Maine Writer

Its about people and issues I care about.

My Photo
Name:
Location: Topsham, MAINE, United States

My blogs are dedicated to the issues I care about. Thank you to all who take the time to read something I've written.

Friday, February 14, 2020

Agriculture is a science and the research needs scientists


An echo opinion published in The Washington Post and in the History News Network by Louis Ferleger:

Support agricultural research
Donald Trump has repeatedly attacked federal employees, most recently by proposing cuts to their retirement benefits and apparently undermining career Justice Department lawyers, several of whom have resigned. The Trump administration has similarly diminished the scientific capacity of the United States government by relocating the Economic Research Service and the National Institute of Food and Agriculture from Washington to Kansas City, Mo.

Although framed as a cost-cutting measure, many commentators have speculated that this move was designed to thin the ranks of government scientists, who would be reluctant to uproot their lives and move their families many miles. 

Indeed, significant numbers of scientists retired or found other jobs instead of moving to the Kansas City area. At the National Institute of Food and Agriculture, for example, nearly eight of every 10 employees have left.

And it’s not just the USDA. According to The Washington Post, nearly 700 scientists have left the Environmental Protection Agency in the past three years, and the EPA has hired only half that number to replace them. Overall, more than 1,600 federal scientists left government agencies in the first two years of the Trump administration.

Such moves are dangerous not just to the agricultural sector but also to the broader economy. America’s emergence by the middle of the 20th century as the world’s most successful economy relied on a key investment: the social commitment to build the capacity that enabled sustainable prosperity in U.S. agriculture. And this agricultural supremacy depended on government scientists.

But the case of U.S. agriculture has even more profound implications for understanding the sources of successful economic development in the United States. The contribution of federal, state and local governments in agriculture put into place an infrastructure (e.g., commodity price supports, supply regulations, import barriers and crop insurance) in the United States that boosted agricultural productivity and represents one of the most successful examples in modern economic history of the beneficial impact that the government can have on a single economic sector.
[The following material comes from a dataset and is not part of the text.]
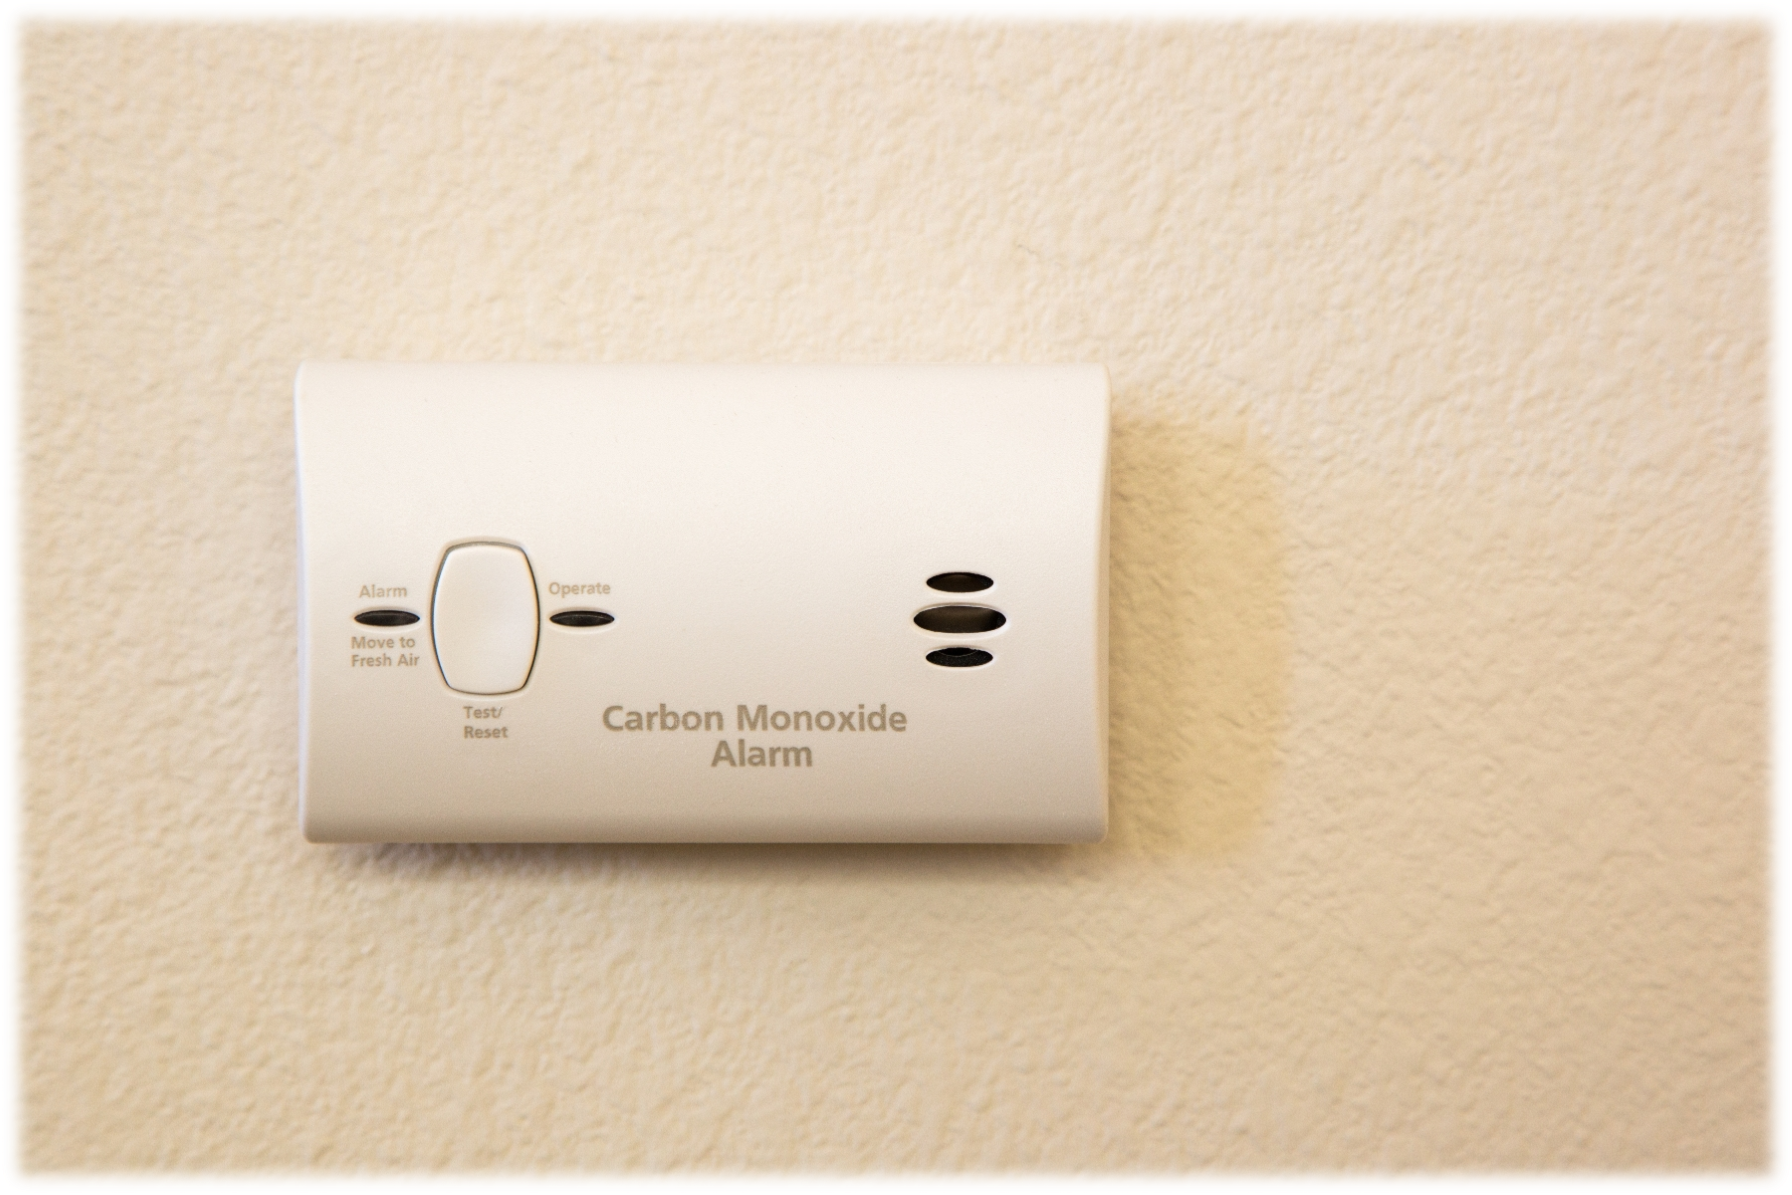 Link to Carbon Monoxide page - Carbon Monoxice meter on wall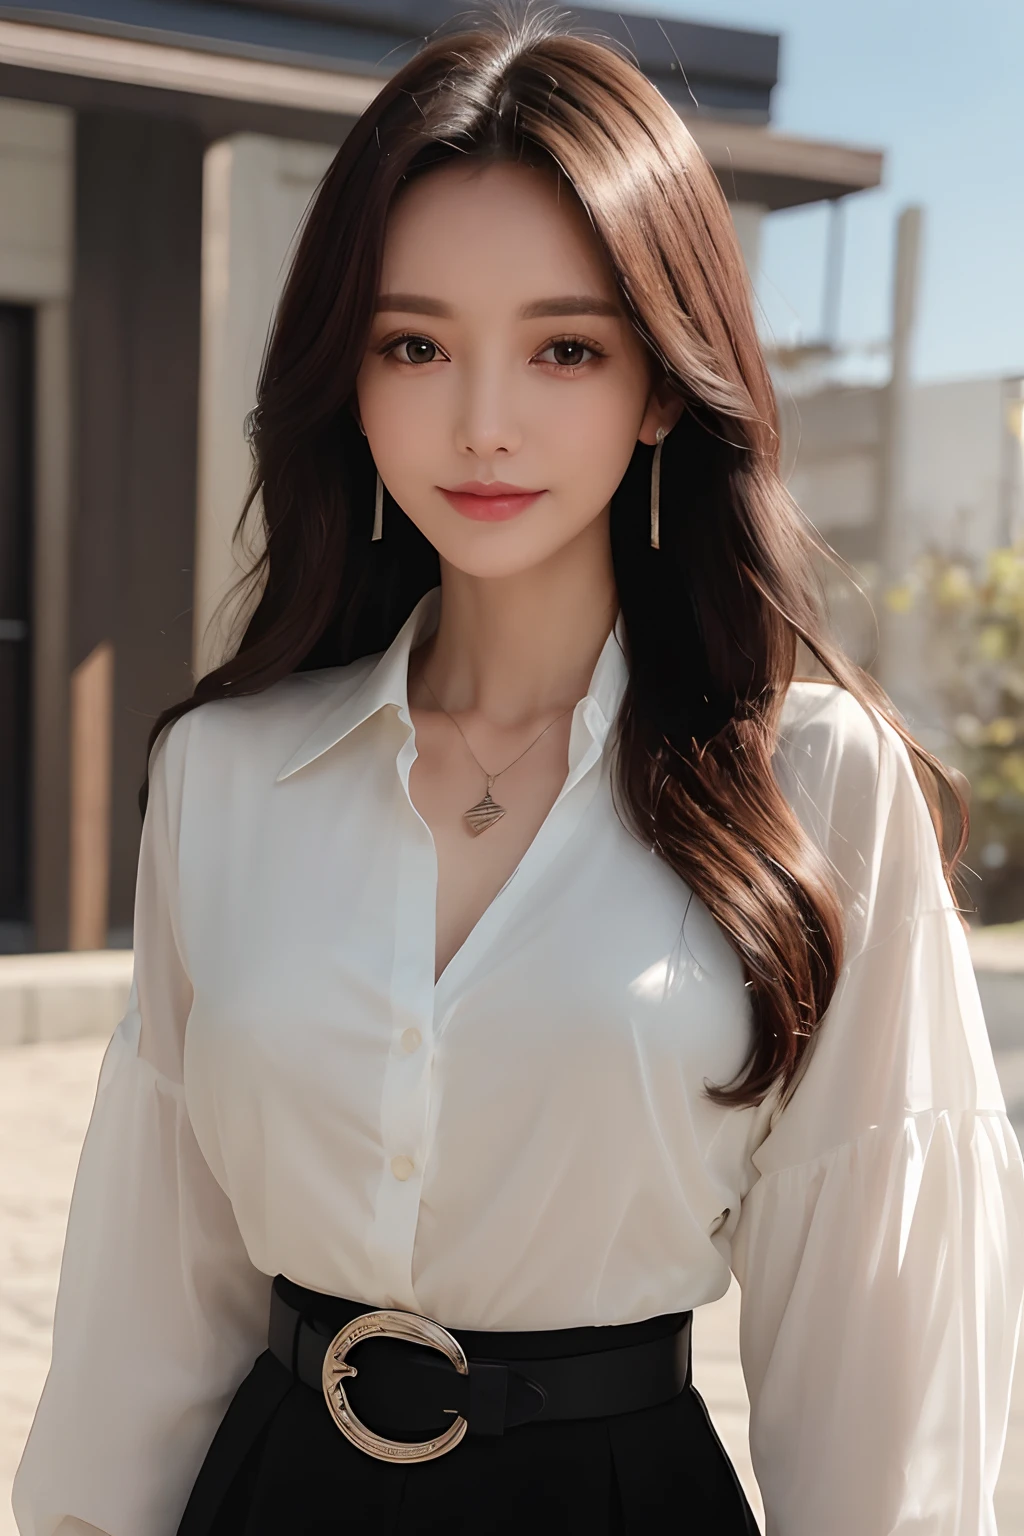 (top-quality、hight resolution、​masterpiece:1.3)、Tall and cute woman、Slender Abs、Dark brown hair styled in loose waveideum breasts、wearing a pendant、White see-through shirt、a belt、a black skirt、(Modern architecture in background)、Details exquisitely rendered in the face and skin texture、A detailed eye、double eyelid、a smile、

Today, those unacknowledged and critical public servants whose work on behalf of American agriculture in the USDA and other agencies made it possible for America to become the largest and most successful agricultural producer in the world are facing job cuts. We need to remember the contributions of their expertise, especially at a time when experts are disregarded and the ideal of public service itself is under sustained attack.

The disarming of American agriculture is already being felt. Some farmers have said that the USDA staff upheaval has made it harder to access information they need. This is all the more pressing as climate change threatens to bring droughts and further unpredictability to farms across the land.

Yet, the legacy of America’s investment in agricultural research stands in the public institutions of higher education originally established for that purpose: From Indiana’s Purdue University to the University of Massachusetts at Amherst, many universities, which bring pride to states across the country, grew out of the government’s quest to help farmers. If the United States hopes to maintain its agricultural strength in this competitive century, it would be wise to replenish its ultimate investment in government science.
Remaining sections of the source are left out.